Но теперь все народы — мои, и плевал я на разоблачения. Кто меня разоблачит и перед кем? Перед марсианами и венерианами? Все народы с одинаковым усердием читают мою книгу «Майн кампф», и все при виде меня с одинаковым восторгом орут: «Хайль Турханен!». Теперь мне уже нет надобности устраивать судебное дело, если кто-то мне не понравился. Я только говорю коротко: «Он не ариец», и дело с концом. А могу и не говорить. Кому я буду говорить? Любой из тех, с кем я сегодня говорю, может завтра у меня отправиться той же дорогой к сатане. Даже немец. Что из того, что я объявил своих немцев избранной расой? Среди этой избранной расы самый избранный все-таки я! И всякий немец в своих поступках идет не далее того, что определено ему мной. А если он, возгордясь некстати своим превосходством над остальными народами, преступит границы моих определений и попытается показать себя равным мне — своему великому фюреру, то на этом обрывается его попытка, и обрываются также его способности ко всяким иным попыткам в жизни. Для своего избранного немца у меня на подобный случай тоже есть своя особая имперская канцелярия, откуда его очень легко переправляют в канцелярию небесную. Все зависит от того, как он себя поведет и как мне на это взглянется. Откуда я могу знать, какое у меня завтра будет настроение? Сегодня я не заметил в человеке изъяна, а завтра заметил. Может быть, завтра он усмехнулся не к месту или выразил своим видом сомнение в правильности моих поступков. А я не намерен терпеть насчет себя сомнения. И я искореняю сомнения вместе с людьми, в которых эти сомнения гнездятся. Так мне удобнее. Я один теперь судья на Земле. Всех других судей я убрал, как непригодных для этой роли. И мой приговор не подлежит пересмотру, ибо в нем нет ошибки. Я никогда не ошибаюсь. Ошибаются все другие, но не я. И если кому-то показалось, что я ошибся, он исчезает. Я не для того захватил власть на планете, чтобы позволить кому-то быть умнее меня.
Особенно много всяких умников среди евреев. От них всегда исходит зараза неверия в правильность моих поступков, и потому за ними надо смотреть в оба. Такой это неудобный народ.

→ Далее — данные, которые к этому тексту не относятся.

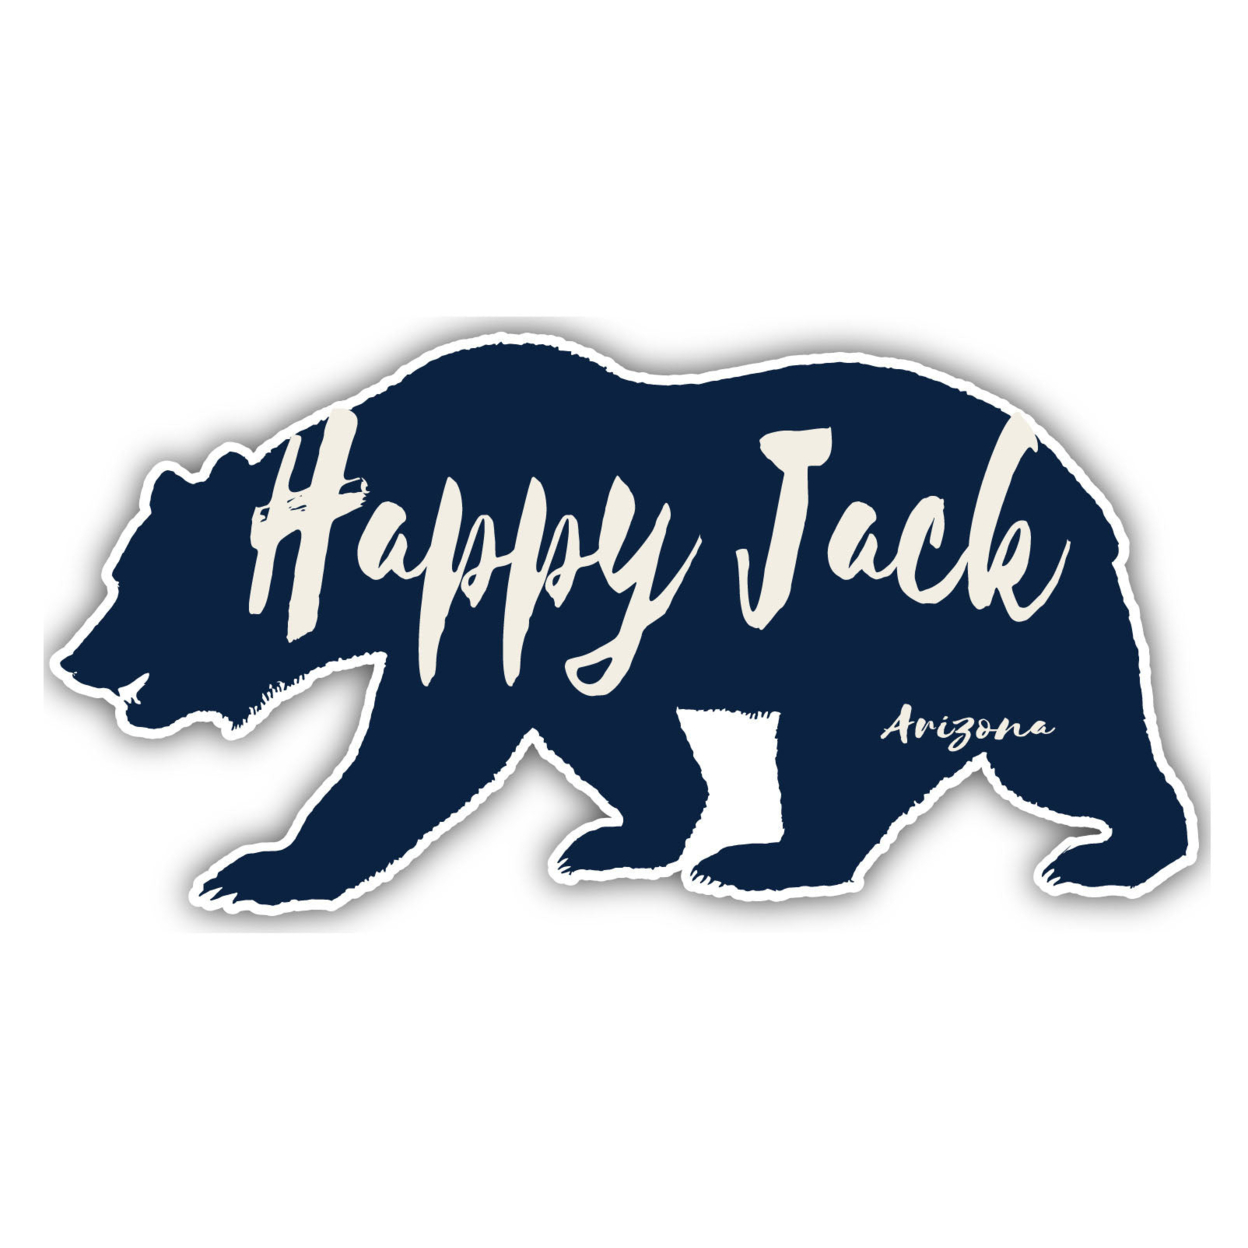 Happy Jack Arizona Souvenir Decorative Stickers (Choose Theme And Size) - 4-Pack, 4-Inch, Tent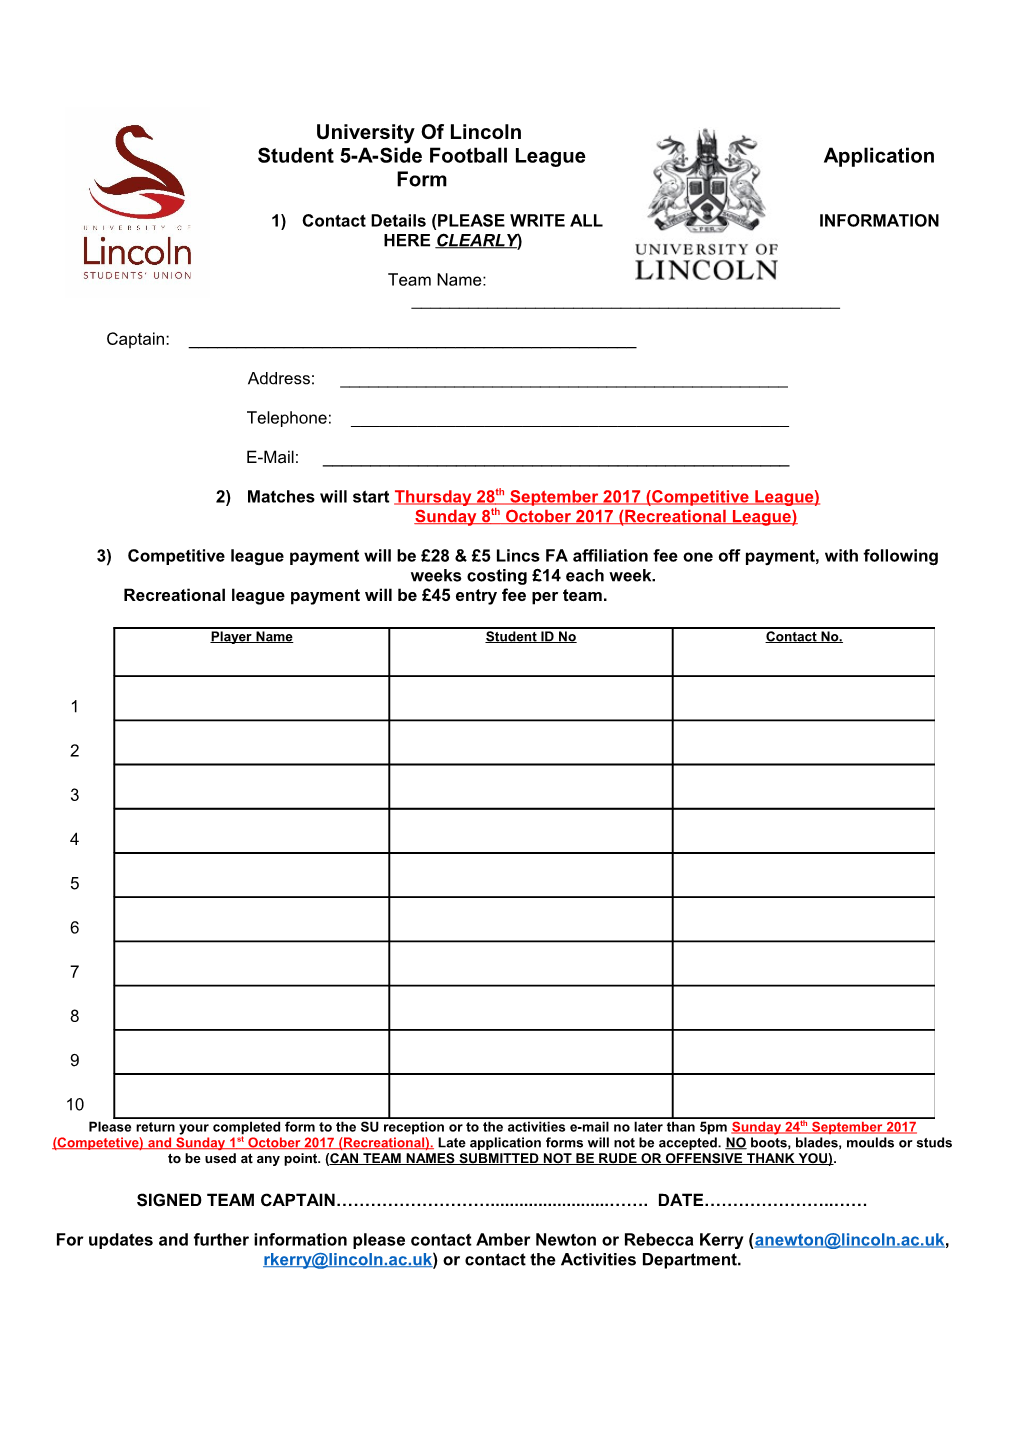 Student 5-A-Side Football League Application Form

Мало того, что они ко всему на свете подходят со своей меркой, они вдобавок время от времени преподносят человечеству какого-нибудь мудреца-пророка, вроде своего Иисуса Христа или Карла Маркса, от учения которых потом все в мире переворачивается вверх дном. А мне не надо их пророков. Я сам пророк. И на всей планете я самый умный и мудрый. Таково удобство власти. И я не желаю, чтобы передо мной появлялись чьи-то въедливые коричневые глаза, способные видеть меня насквозь да еще затаившие в своей глубине насмешку. Они теперь моментально исчезают с лица земли, те, кто проявил способность видеть меня насквозь. И еще быстрее исчезают те, в чьих глазах, обращенных на меня, затаился смех.
Я не потерплю под своей властью смеха. Ведь любой смех может касаться меня. А чтобы он меня не касался, я убираю с планеты смех и заодно тех, от кого он исходит. Мне так удобнее. Их много, конечно, склонных к смеху. Их сотни, тысячи, миллионы. Говорят, что каждый человек на свете время от времени страдает смехом. Но не беда! Я вылечу их от смеха. Что мне миллионы? У меня есть Гиммлер и есть печи. Они, если надо, уберут и миллиарды. На моей собственной планете я наведу свой новый порядок, в котором не будет места смеху.